The two key ways of using the stored value are get and use/useM. useM follows a more common Haskell pattern:

useM :: Alias μ a %1 -> (a %1 -> IO (a, b)) %1 -> IO (Alias μ a, b)

Operate on the aliased a and keep it aliased plus return the b byproduct. There is also a misnamed modifyM function which is useM without the b...

Then, there's the arguably most difficult to reason about primitive, get:

get :: Alias μ a %1 -> μ (a, a %1 -> μ ())

The get primitive will un-alias a resource and get its value. By case analysis, either this was the last alias to this resource, or it was not. If it was the last alias, we need to make sure the resource is linearly freed. If it was not, we need to make sure it isn't freed since there are still aliases to it.

How do we ensure that the resource is freed if this was the last alias, and that it is not if it wasn't? The trick is to return both the resource and a finalizer function linearly -- where the finalizer is actually a no-op if there are more aliases to that same resource.

The returned function needs to be called exactly once on the resource since it is returned in a linear tuple -- it will either make sure the resource isn't consumed (because it is fake-consumed by the finaliser), or make sure it is consumed (because the finaliser will really consume the resource if this was the last alias).

This sounds like an awful idea. Maybe we could even just get by with useM which seems less troublesome? One thing that worries me is to what extent could you call the weird-finaliser on something which wasn't related to the resource returned alongside it? ...

Notes

[!CAUTION] It seems that Haddock is rendering incorrectly the lollipop symbol () which stands for linear arrow (%1 ->) in some places. This is quite unfortunate. You may have to double check the source to see if an argument is in fact linear...

type alias for alias

Typically you'll want to export a type synonym for Alias over the monad you can free resources in, import Data.Linear.Alias qualified (most functions, such as share and get are short and are arguably better to be qualified in general), such that there are no conflicts between the type synonym Alias and the library defined Alias.Alias name

import qualified Data.Linear.Alias as Alias
type Alias = Alias.Alias Linear.IO -- Choose the monad you can allocate and free this
                                   -- reference counted resource in

opaqueness for soundness?

Perhaps this is very important to explain somehow earlier on or enforce: The aliased things should be opaque.
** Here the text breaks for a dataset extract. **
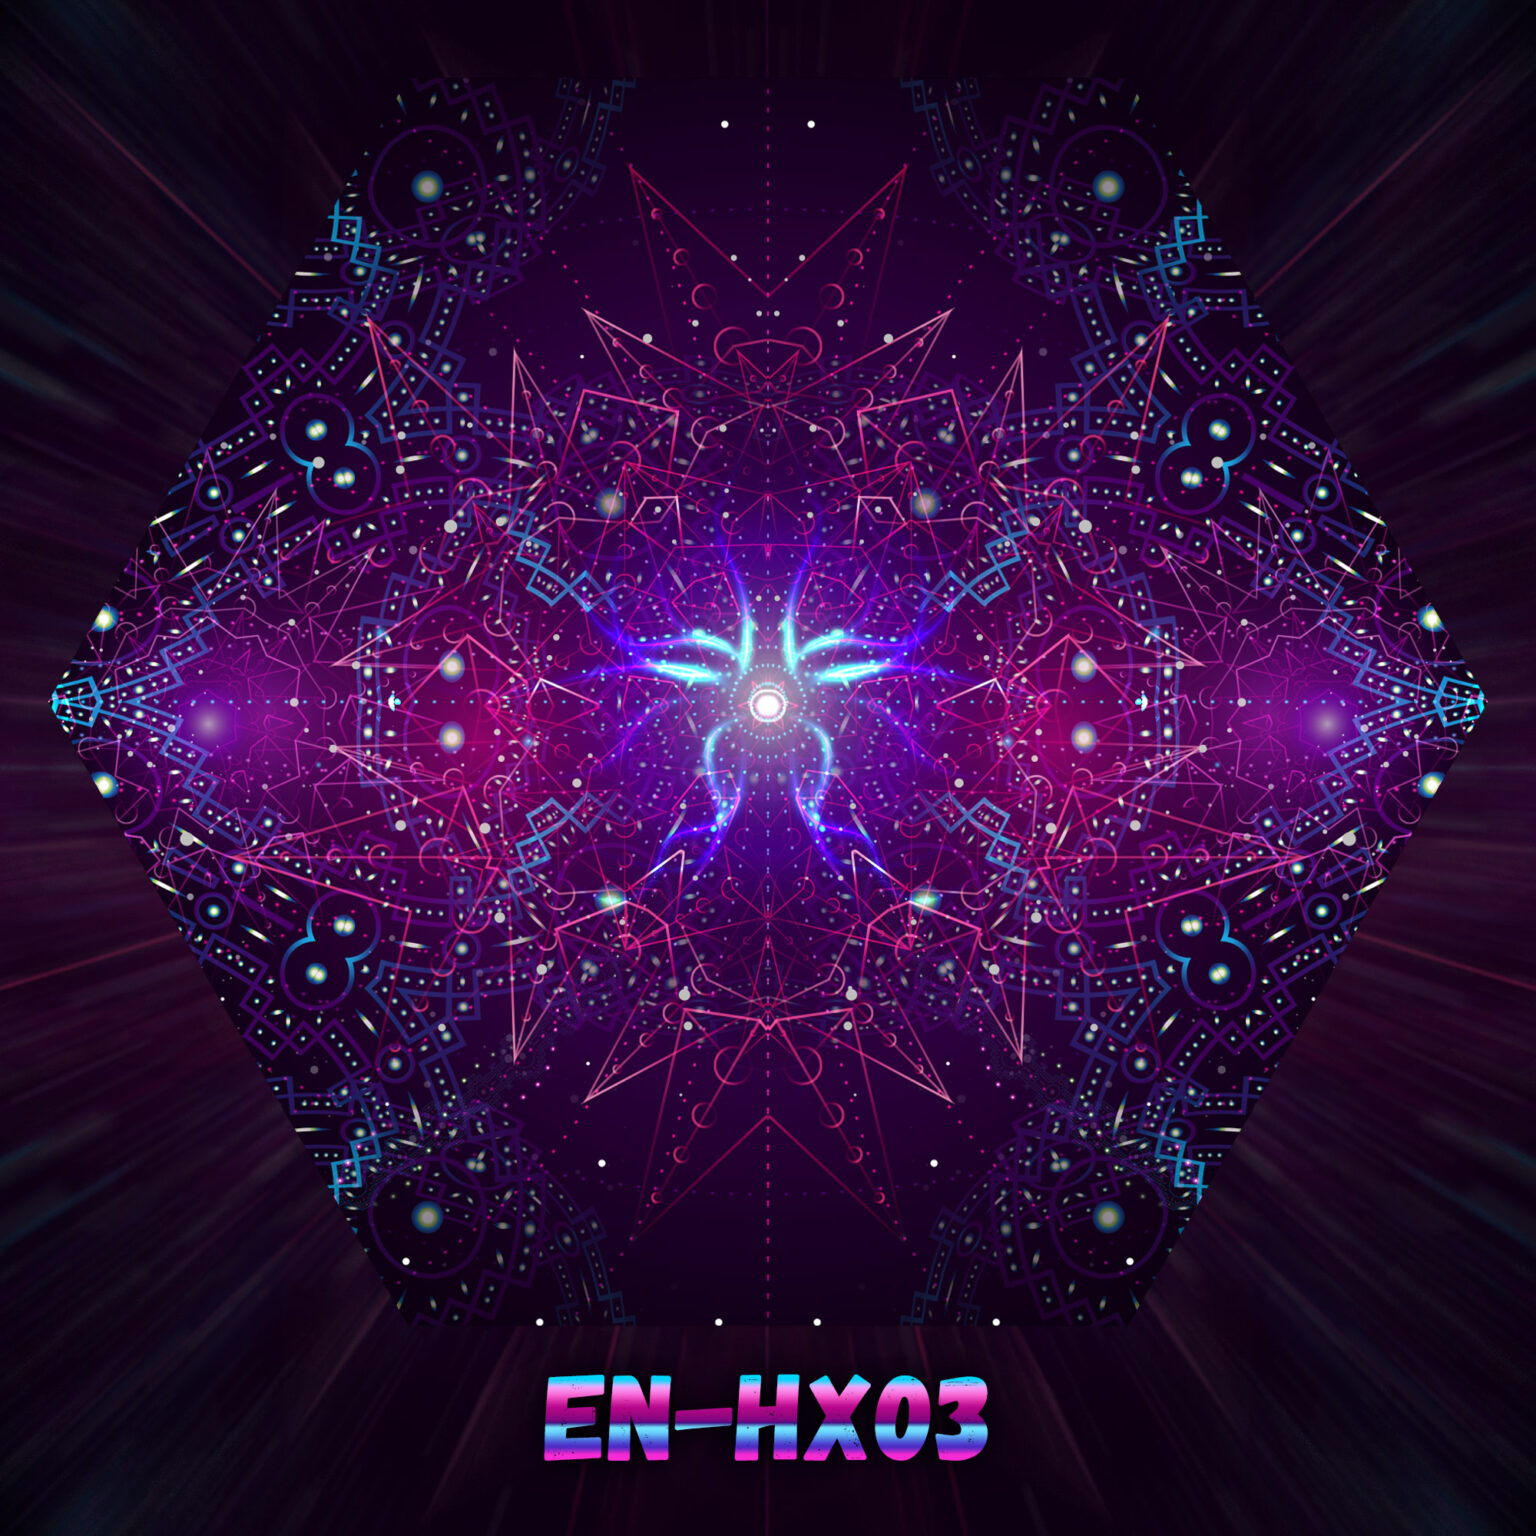 EN-HX03 - Enlightenment - UV-Hexagon - Design Preview

That is, you should not be able to easily modify the value which is aliased into something else. So, good aliasable values would be e.g. pointers, handles, buffers, devices, GPU textures, IORefs, etc...

The problem here is the underlying representation of Alias m a which will not use a mutable reference like IORef for the a across the aliases (I've wondered before if it should, but it never made sense for my case where the things I was aliasing were already mutable like Vk.Buffer; leaving it as a doesn't preclude the user from stuffing an IORef to alias).

So, if the a value is changeable, you could end up in a situation where you have two aliases that should hold the same value, but are different. In effect, whichever of the two aliases is forgotten last will call the finalizer action on the a value. If these values are different, the finalizer action will depend on the last forgotten resource... which is very unsound.

thread safety

We are using atomic-counter for counting, but what happens if there two actions on the same alias at the same time? It may just be that the responsibility of thread safety when two aliased resources are used at the same time is of the resource type (it seems that way).

For example, if the aliased resource was an IORef, it'd be the caller's responsibility to use atomicModifyIORef if a multi-threaded program were using multiple aliases to that same ref at once.